▶ _DATA RECORDS_

○ ○ ○ ○

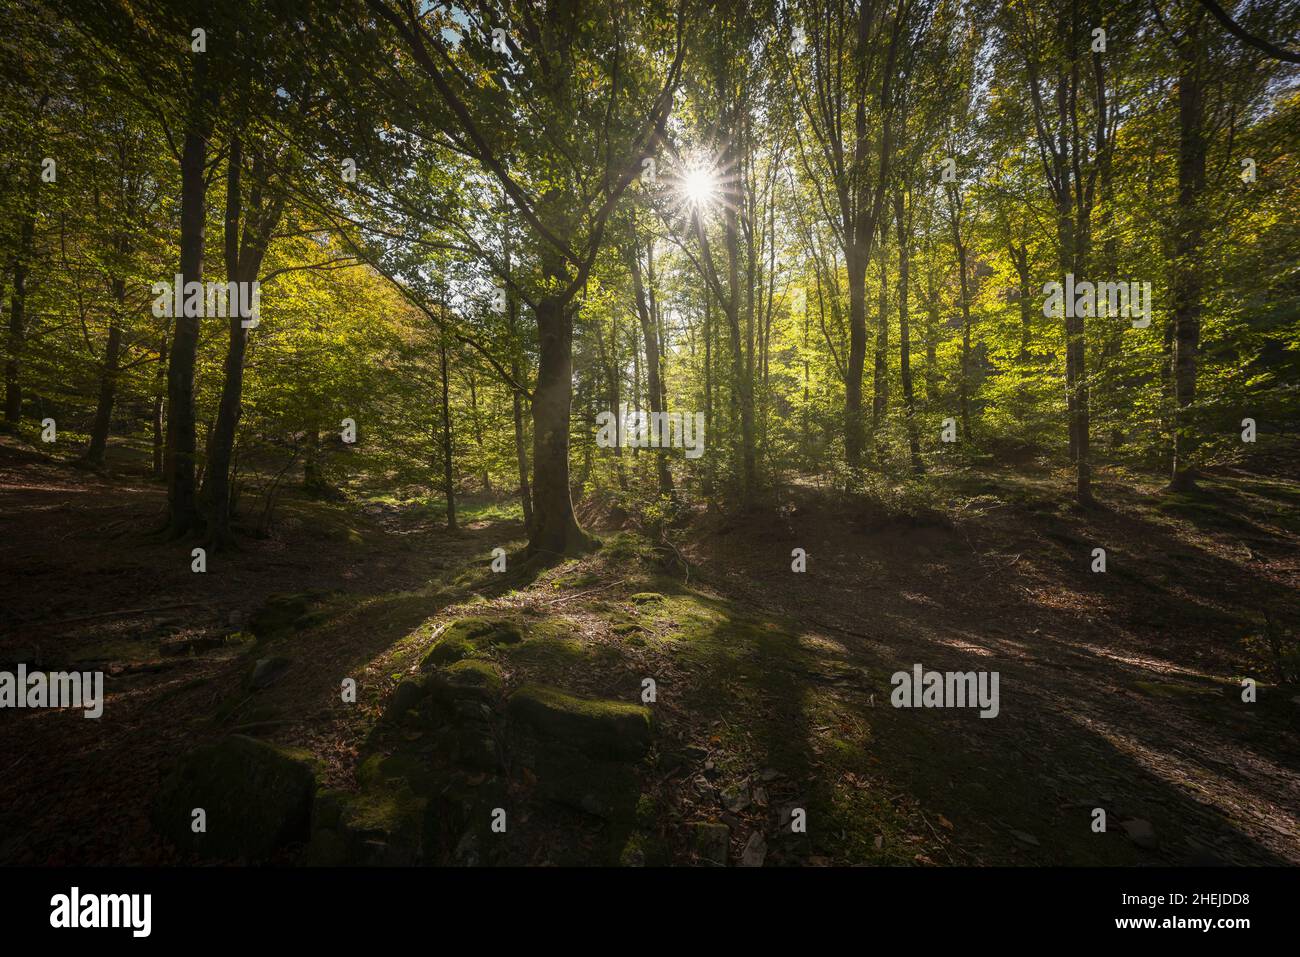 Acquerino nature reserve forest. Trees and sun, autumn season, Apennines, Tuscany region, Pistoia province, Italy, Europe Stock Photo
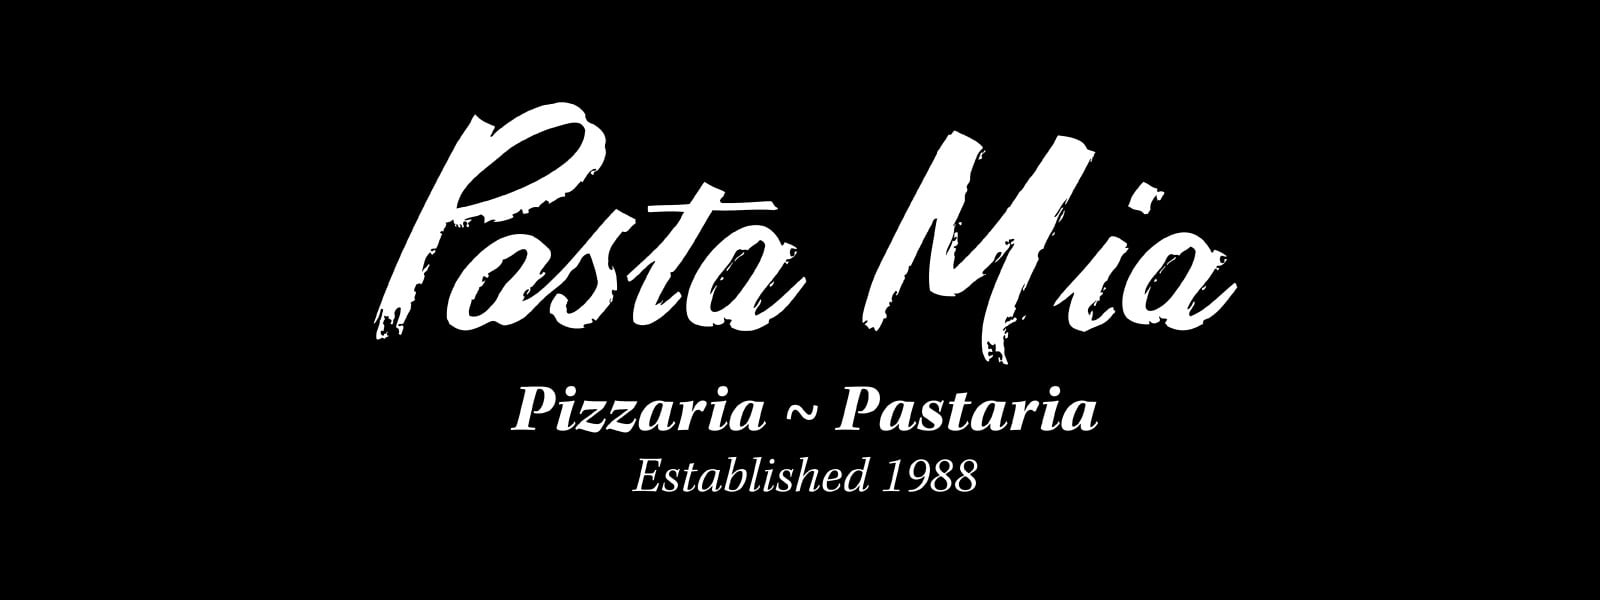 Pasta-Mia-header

○ ○ ○ ○

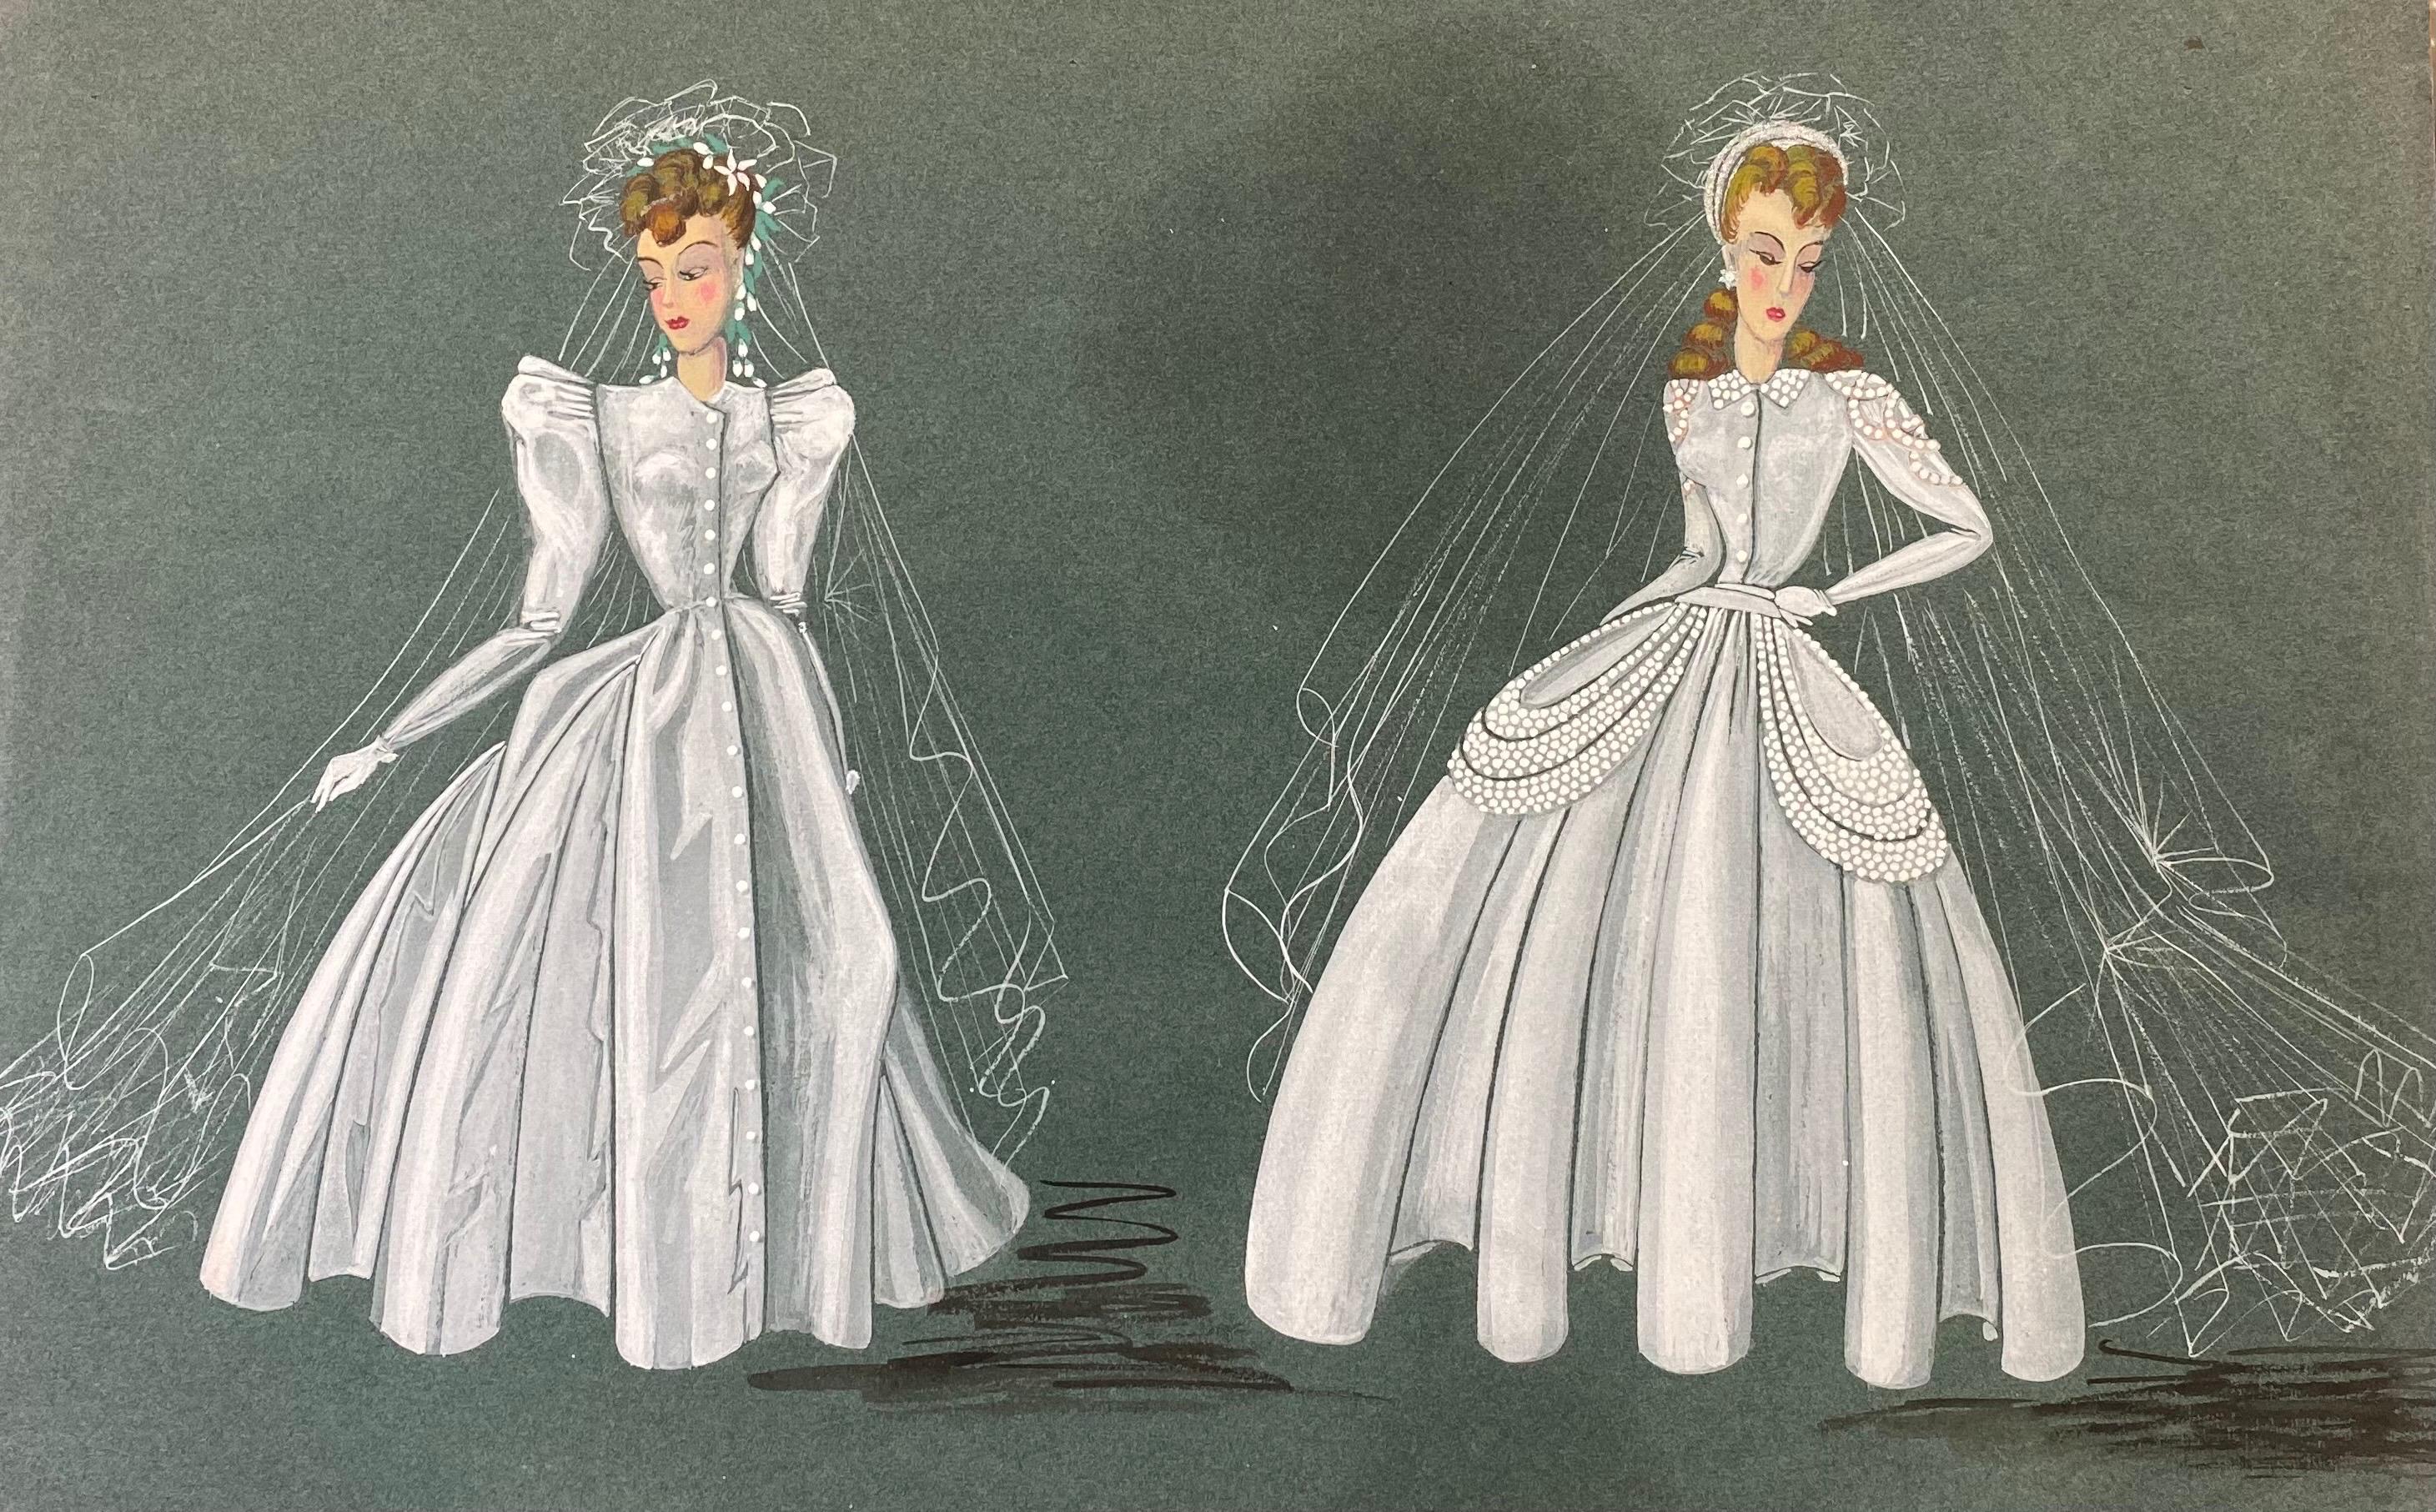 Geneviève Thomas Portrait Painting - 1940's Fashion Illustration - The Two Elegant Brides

○ ○ ○ ○

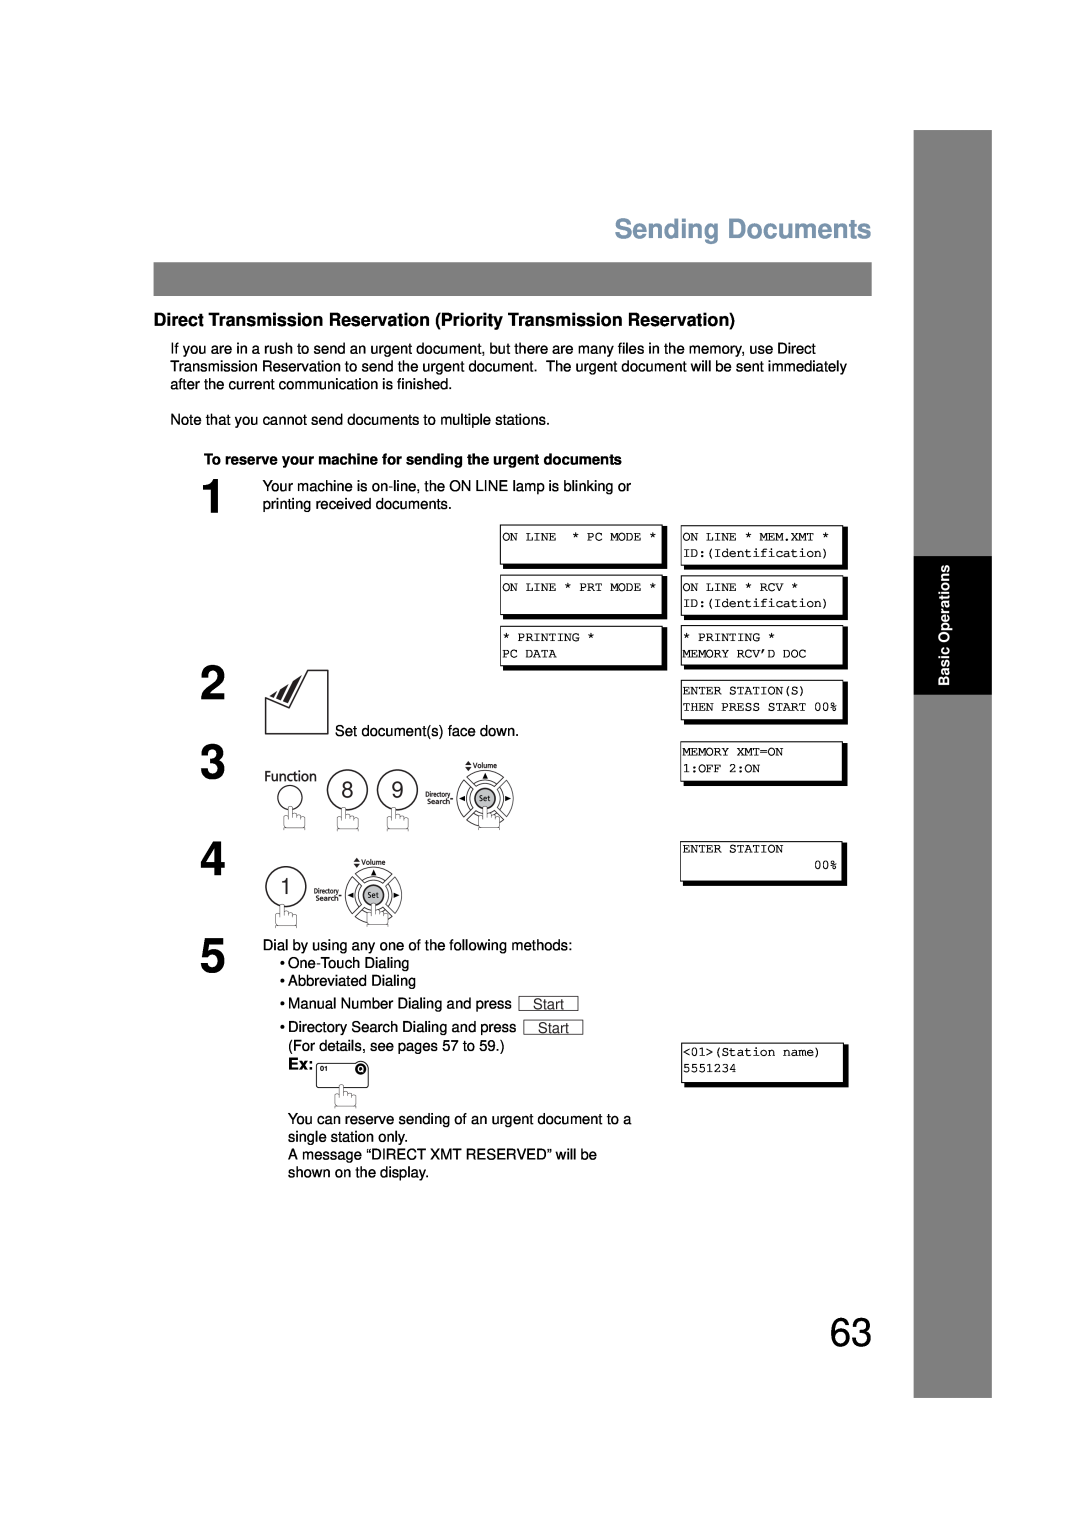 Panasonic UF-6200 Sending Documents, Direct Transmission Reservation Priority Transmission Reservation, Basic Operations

○ ○ ○ ○

Return, exactly as they stand, the lines above from the one with "Acquerino nature reserve" to the one with "Pasta-Mia-header", omitting any pictures among them.

▶ _RESPONSE_
 Acquerino nature reserve forest. Trees and sun, autumn season, Apennines, Tuscany region, Pistoia province, Italy, Europe Stock Photo
 Pasta-Mia-header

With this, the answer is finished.